By George, I think he’s got it, programmer habits of course!
Whether we want to or not we need to pay attention
Details can be my undoing.
Rushing through a user story. Scanning a blog post.
Committing my changes to GitHub. Moving on…
Wait, is that a defect assigned to me?
Pay Attention
When I asked software development leader Geoge Dinwiddie about programmer habits, he said, “Pay attention to the details.”
Has he been watching me? Wow! How did he know that?
My approach has been “details, schmetails…” Of course, that led to a few defects.
George is right. We need to pay attention to details. Don’t rely on automated testing and Quality Assurance to save you.
Question your assumptions
If you ever validate an input field you must be careful. We assume people would only put numbers in the zip code field. A wily-testing veteran schooled me on this. Thanks, Miki:)
Another aspect is security. Things like XSS attacks are pretty common. Your validation should withstand that as well.
Question your habits
What are your daily habits? Are they serving you? As a big fan of Michael Hyatt’s productivity suggestions, I use the Workday Startup and Shutdown.
In Hyatt’s book Free to Focus he outlines these. Essentially they bookend your day. Similar to what a computer does on startup, the Workday Startup ensures we start on purpose.
George is asking us to audit our programming habits. Michael Hyatt agrees with this practice. We need to periodically ask if this habit helping.
Question your mistakes
Steve McConnell points out in his book Code Complete. “We need to learn the types of mistakes we make.”
Early in my Java career, I made the same mistake time and again. I would forget to initialize my variables. My co-worker Ken would laugh when he saw this repeated error.
State Machine
George also shared, “Consider a state machine to keep system responses decoupled and easy to modify.” Some practical design advice.

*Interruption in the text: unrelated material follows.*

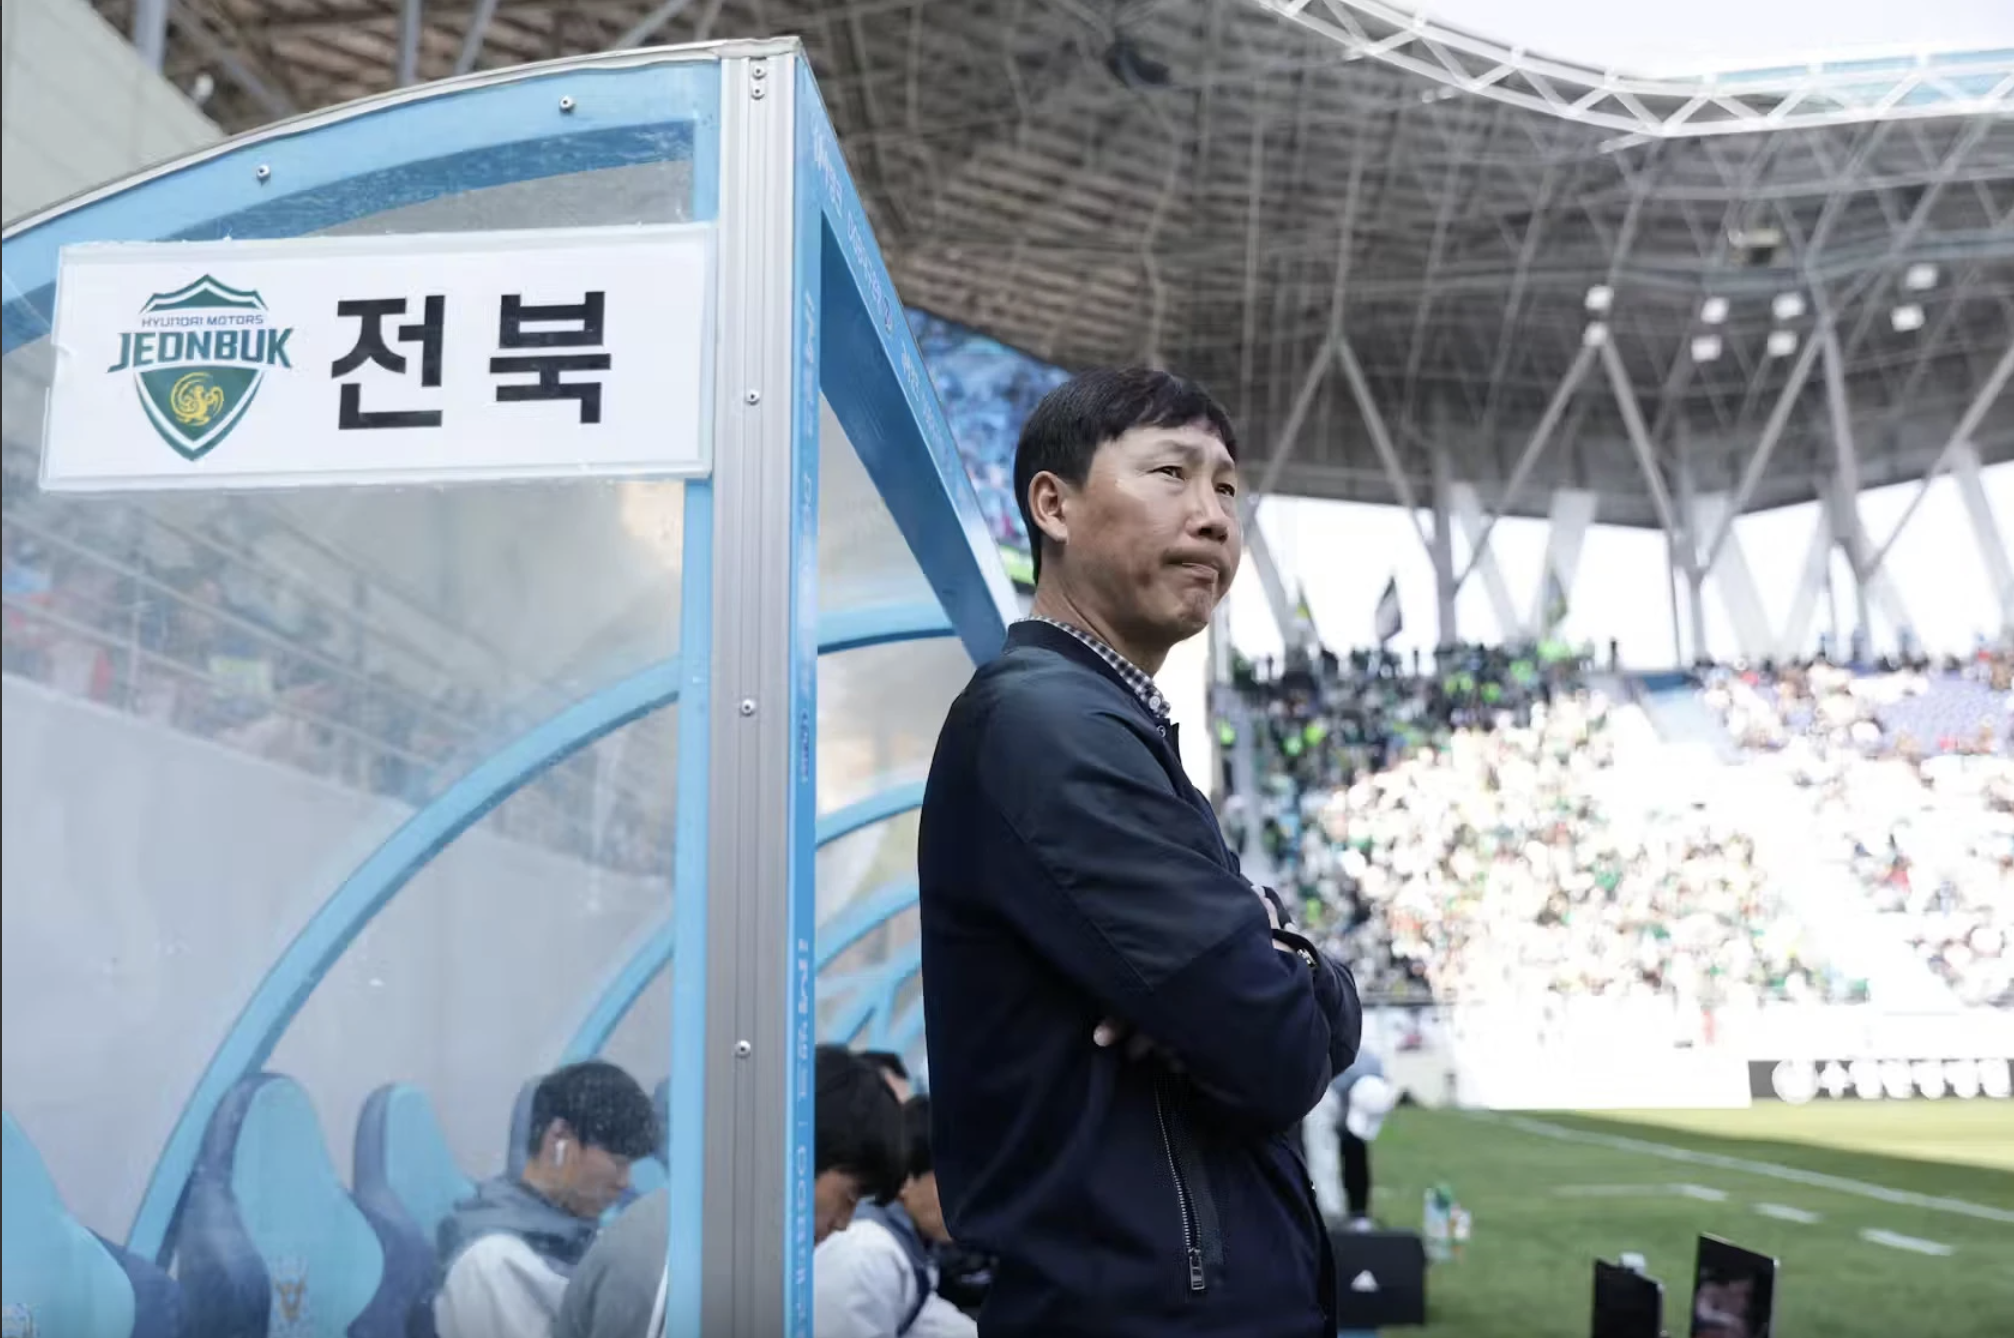 HLV Kim Sang-sik có khả năng kết nối với cầu thủ rất tốt
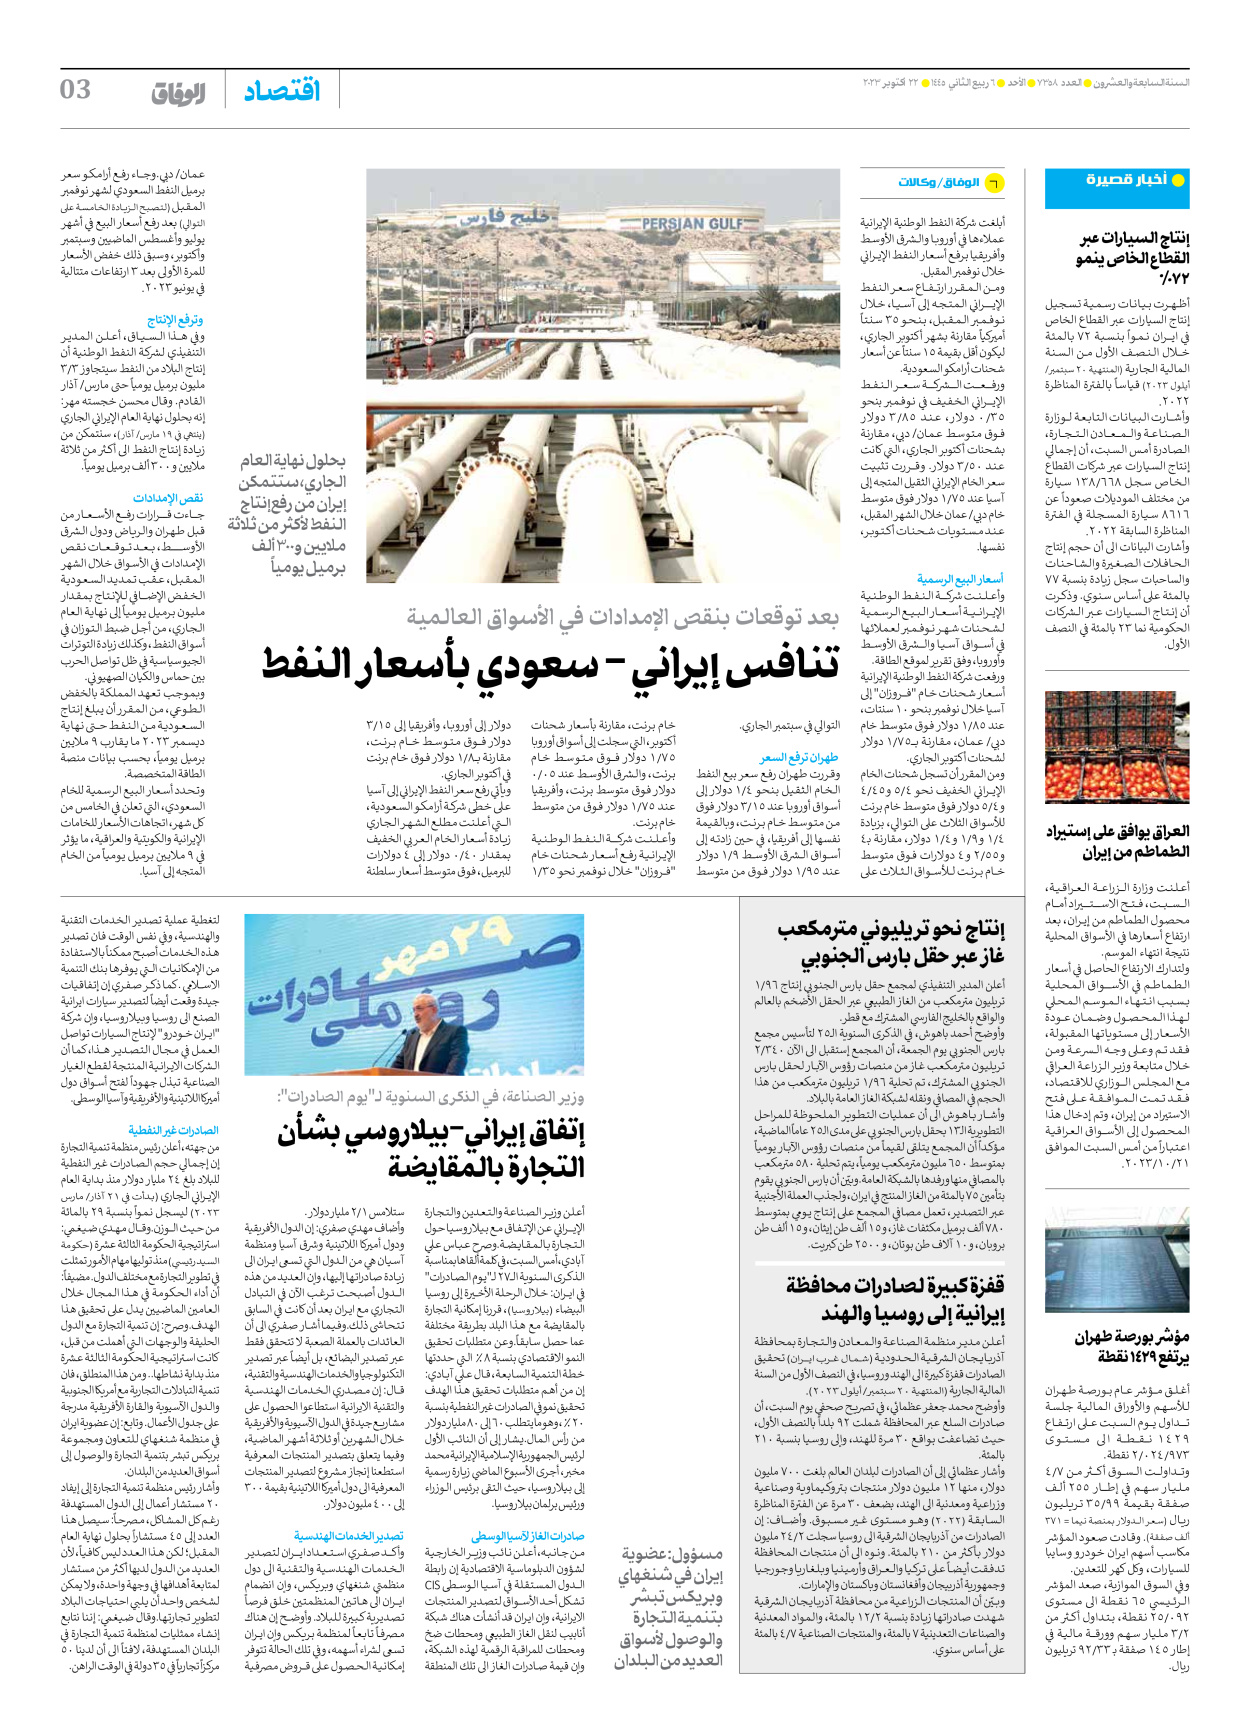 صحیفة ایران الدولیة الوفاق - العدد سبعة آلاف وثلاثمائة وثمانية وخمسون - ٢٢ أكتوبر ٢٠٢٣ - الصفحة ۳

First, if you said, What is a state machine? “A state machine is a programming architecture that allows the dynamic flow to states depending on values from previous states or user inputs.”
Developers can wrestle with coupling items. Working on early internet applications this was a problem. A hack was to pass a lot of data around to emulate the state.
George shared some direct advice with us. First, he reminded us to pay attention to details. Understand them. See how this can shape our solution.
Then we need to question our assumptions. Ask your stakeholders to see theirs. Create alignment on them.
Third, question your habits. Do you need another round of testing? Or maybe the issue is you don’t understand the use case. Could you review it with the product owner?
Additionally, where do you usually make mistakes? As a novice Vue.js developer, I don’t understand a few things. Pairing with my co-worker Ryan helps me see solutions to my newbie errors.
Finally, George gave us the advice to keep things decoupled. We can use a state machine in our design. Simple and elegant advice from a software sage.